## REQUIRED WORK
Write out the entire listing below exactly as it appears, minus any pictures.
AVAILABLE DATA: Begin
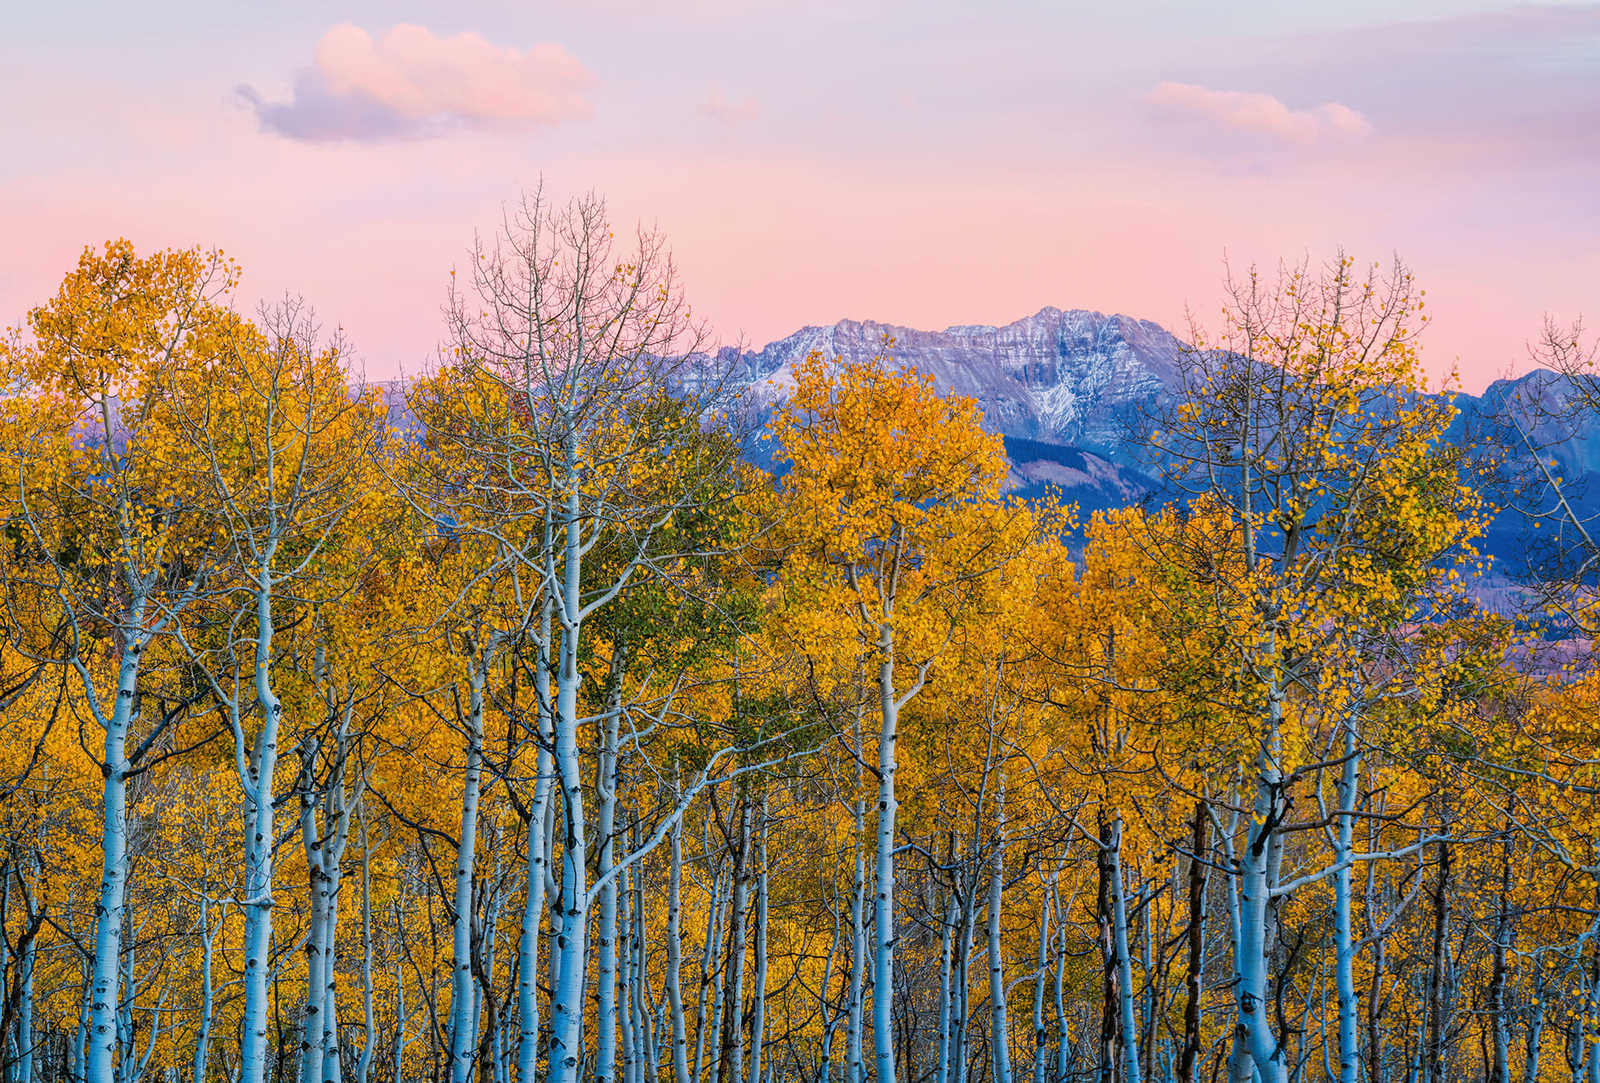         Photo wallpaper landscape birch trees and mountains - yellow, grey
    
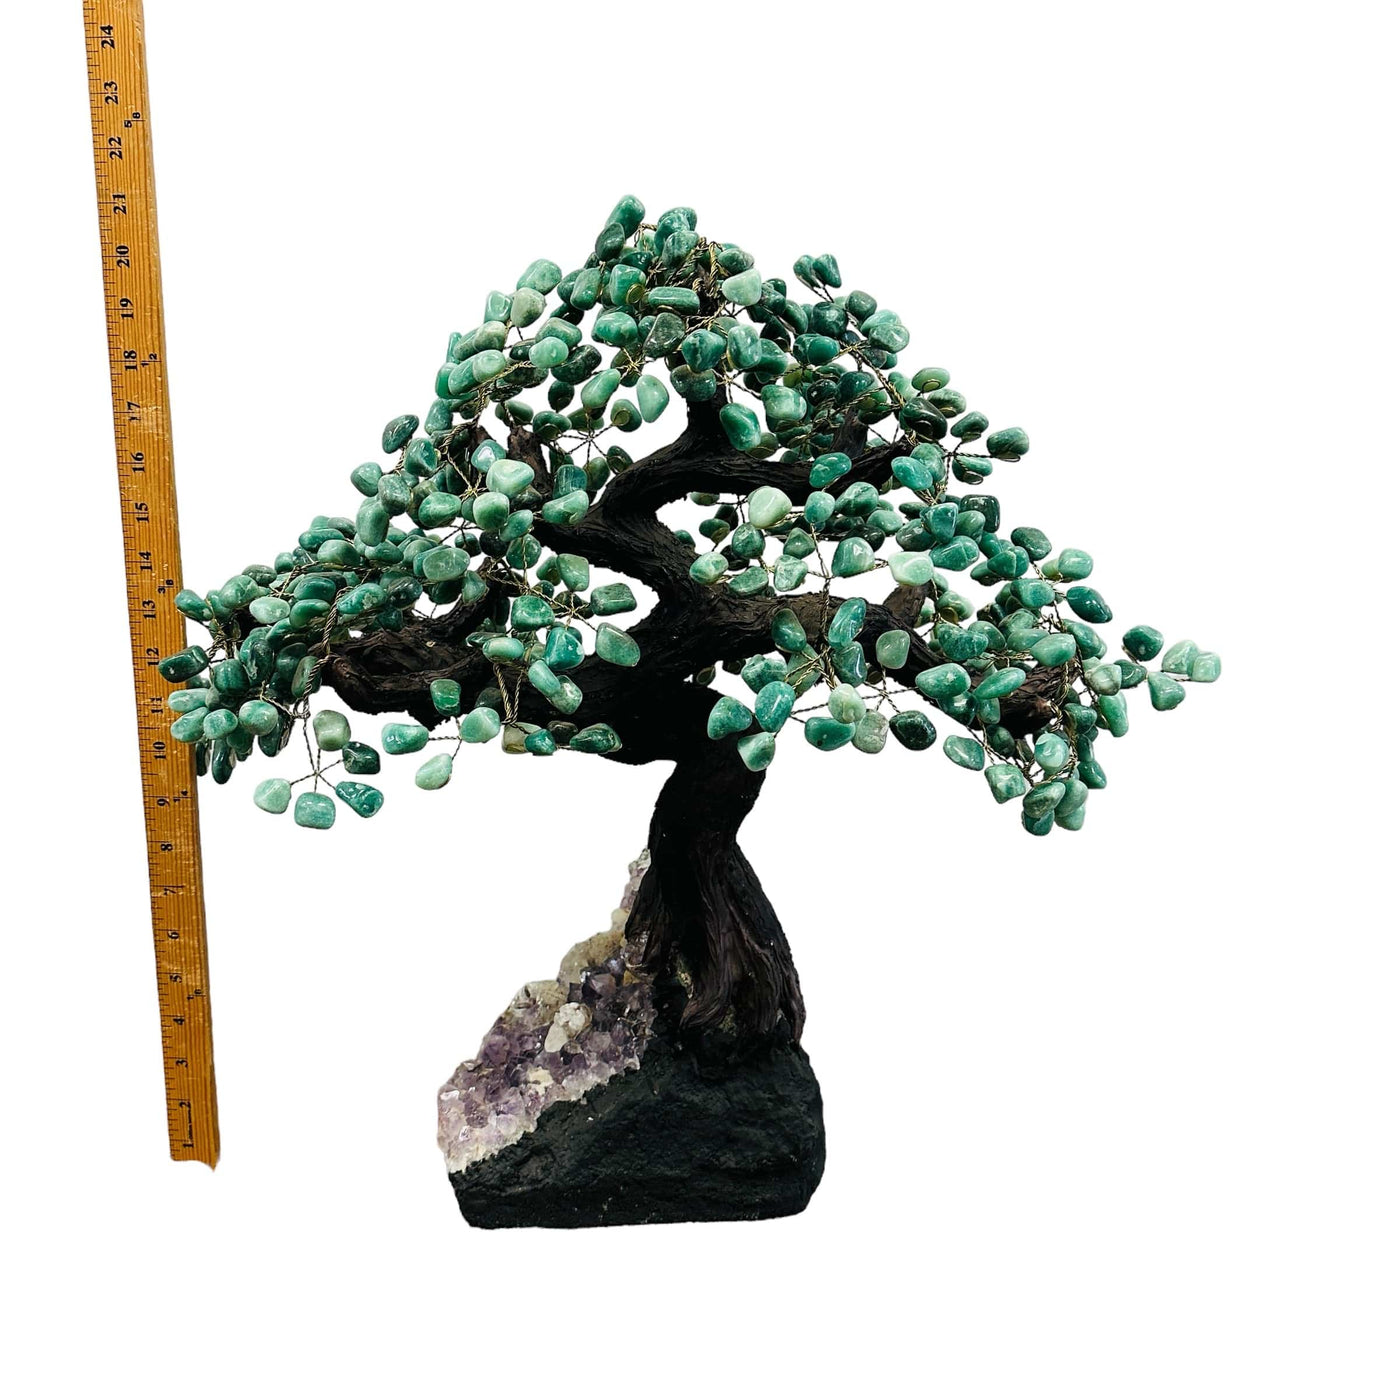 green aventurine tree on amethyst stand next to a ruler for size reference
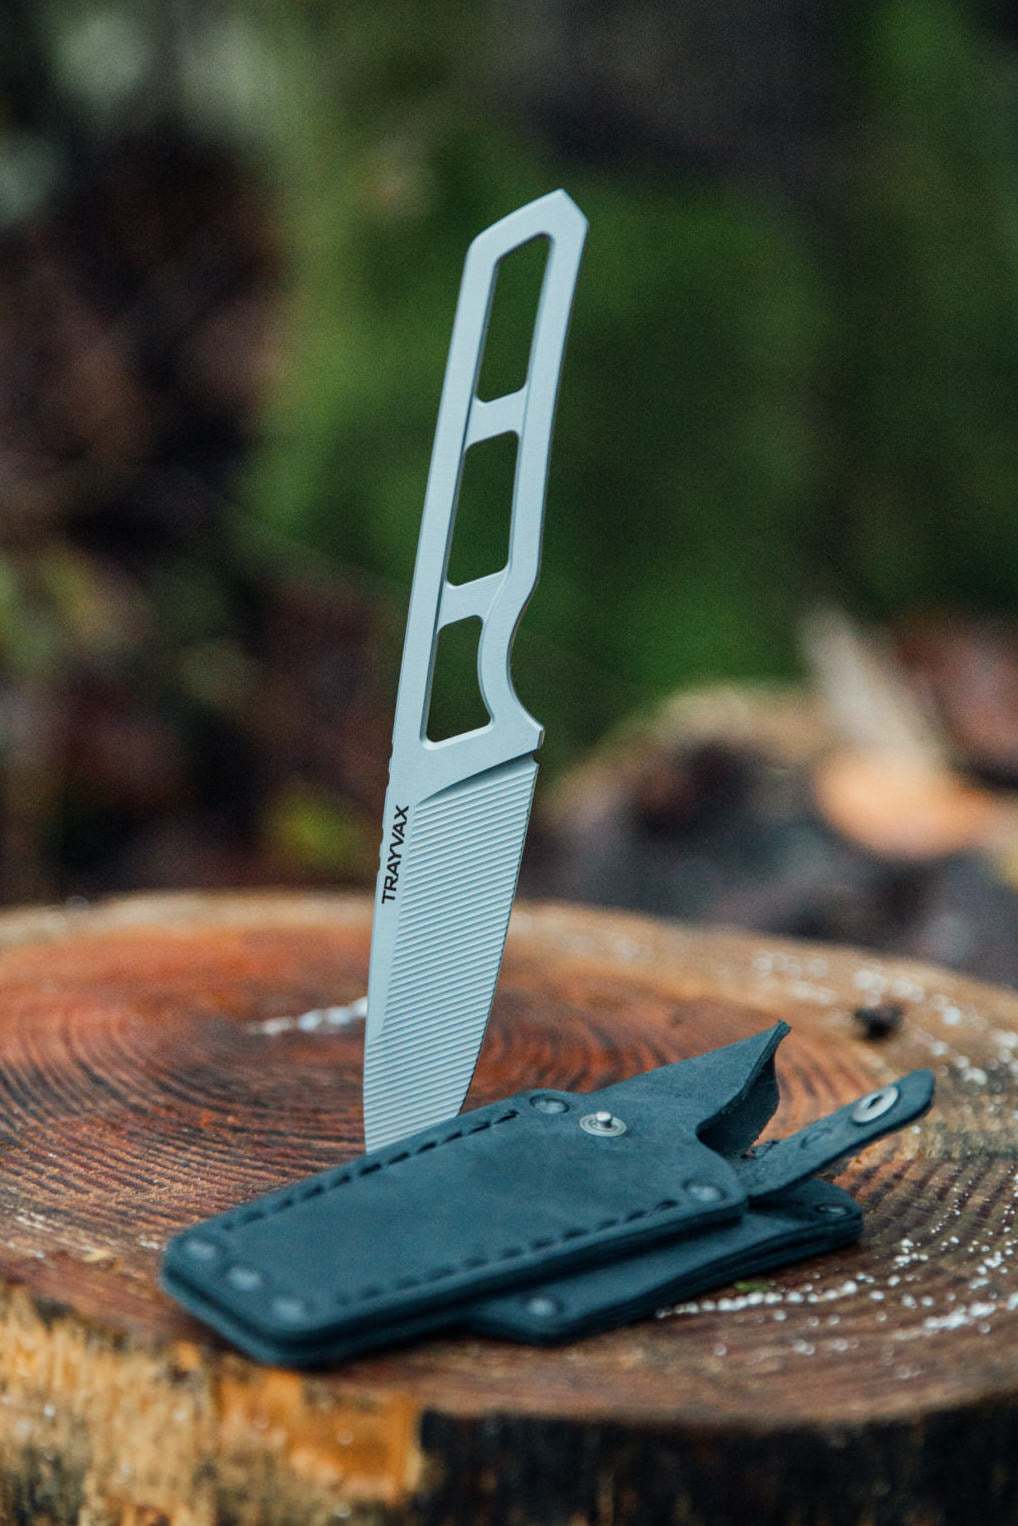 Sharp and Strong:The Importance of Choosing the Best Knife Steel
AVAILABLE DATA: End
## SOLVED EXERCISE
         Photo wallpaper landscape birch trees and mountains - yellow, grey
    
 green aventurine tree on amethyst stand next to a ruler for size reference
 Sharp and Strong:The Importance of Choosing the Best Knife Steel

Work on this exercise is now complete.